South American Forest (Octane Render/ mScatter)

mScatter   - mass scattering tool for 3D rendering -

Large scenes in any 3D render software require huge amounts of objects, which is most prominent in nature renders with grass and trees. Placing the objects by hand would cost more time than available in most productions, and therefore a technique has been developed many years ago known as instancing (or often called scattering). This technique repeats one and the same object across the scene, it scatters instances of the object across the scene, and each instance has a specific scale, position, rotation and so forth. All these properties are known as the transform of the respective instance.

 

A small scattering tool has been developed by Blue Budgie Studios, especially for use with Octane Render and nature scenes. Scattering the instances of the object is possible in Octane Render, but it is not able to produce the individual transforms for each instance. Instead, Octane Render takes csv files as input, where the user has to provide all the transforms. In math, the transforms are expressed as geometric transform matrices and one such matrix contains position, rotation, scale and shear of the instance. If 1000 trees are all bent, rotated and sheared and put in different positions in a scene, they will look like a natural forest. In a nutshell, what mScatter does for nature scenes is to take a terrain height map on which the user paints the grass population and so on, and then it produces the transform for each instance according to some randomizing algorithms. In the end, it outputs the csv file ready to be imported into Octane for creating fields and forests on the terrain.

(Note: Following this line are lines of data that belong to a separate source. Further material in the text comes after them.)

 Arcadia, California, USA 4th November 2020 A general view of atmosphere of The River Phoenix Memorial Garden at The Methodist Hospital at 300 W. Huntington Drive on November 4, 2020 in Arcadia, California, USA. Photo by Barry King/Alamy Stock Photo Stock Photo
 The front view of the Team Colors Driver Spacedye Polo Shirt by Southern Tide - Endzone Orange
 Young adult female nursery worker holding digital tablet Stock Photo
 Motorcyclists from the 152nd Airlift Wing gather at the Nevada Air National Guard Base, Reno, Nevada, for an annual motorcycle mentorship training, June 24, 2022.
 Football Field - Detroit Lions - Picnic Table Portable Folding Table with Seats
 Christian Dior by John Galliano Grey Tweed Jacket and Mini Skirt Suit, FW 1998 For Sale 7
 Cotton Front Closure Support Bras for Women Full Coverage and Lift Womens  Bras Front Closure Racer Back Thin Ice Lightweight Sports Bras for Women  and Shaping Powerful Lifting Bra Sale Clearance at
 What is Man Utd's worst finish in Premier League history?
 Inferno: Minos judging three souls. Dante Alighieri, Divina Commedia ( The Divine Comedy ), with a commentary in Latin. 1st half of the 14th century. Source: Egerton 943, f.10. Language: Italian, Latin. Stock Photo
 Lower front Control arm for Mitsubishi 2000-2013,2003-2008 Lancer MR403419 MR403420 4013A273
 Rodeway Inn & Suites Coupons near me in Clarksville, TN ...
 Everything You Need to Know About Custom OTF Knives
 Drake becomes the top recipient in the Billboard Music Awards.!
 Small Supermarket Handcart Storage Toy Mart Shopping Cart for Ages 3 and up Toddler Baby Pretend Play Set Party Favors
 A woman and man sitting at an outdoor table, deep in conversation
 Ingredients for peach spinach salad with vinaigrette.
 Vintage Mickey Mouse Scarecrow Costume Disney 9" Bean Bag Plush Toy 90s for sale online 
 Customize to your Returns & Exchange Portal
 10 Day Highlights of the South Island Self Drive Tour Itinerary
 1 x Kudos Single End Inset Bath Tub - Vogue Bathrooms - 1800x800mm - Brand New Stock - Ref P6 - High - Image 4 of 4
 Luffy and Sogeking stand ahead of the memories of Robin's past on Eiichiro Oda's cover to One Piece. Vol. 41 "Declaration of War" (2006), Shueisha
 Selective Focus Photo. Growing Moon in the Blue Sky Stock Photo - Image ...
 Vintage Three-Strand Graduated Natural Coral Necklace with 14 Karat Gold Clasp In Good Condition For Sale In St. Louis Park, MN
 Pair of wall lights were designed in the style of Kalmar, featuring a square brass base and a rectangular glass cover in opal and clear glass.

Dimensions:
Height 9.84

Nature scenes are not the limit for mScatter and all possible kind of algorithms exist to create transforms for producing certain effects.

 

Octane Render requires standard transform matrices. A nice summary is here.

http://www.cs.brandeis.edu/~cs155/Lecture_07_6.pdf

 

 

Another nice scattering tool for Octane Render, which even allows painting on objects, is available here for licensing.

http://guusthissen.nl/scatter/

 

It has evolved really nicely over the past years and is highly recommended. Even back when mScatter was coded, it could already cover a variety of applications, but unfortunately back in those days it was not able scatter grass, trees and so forth on terrains for landscape renders.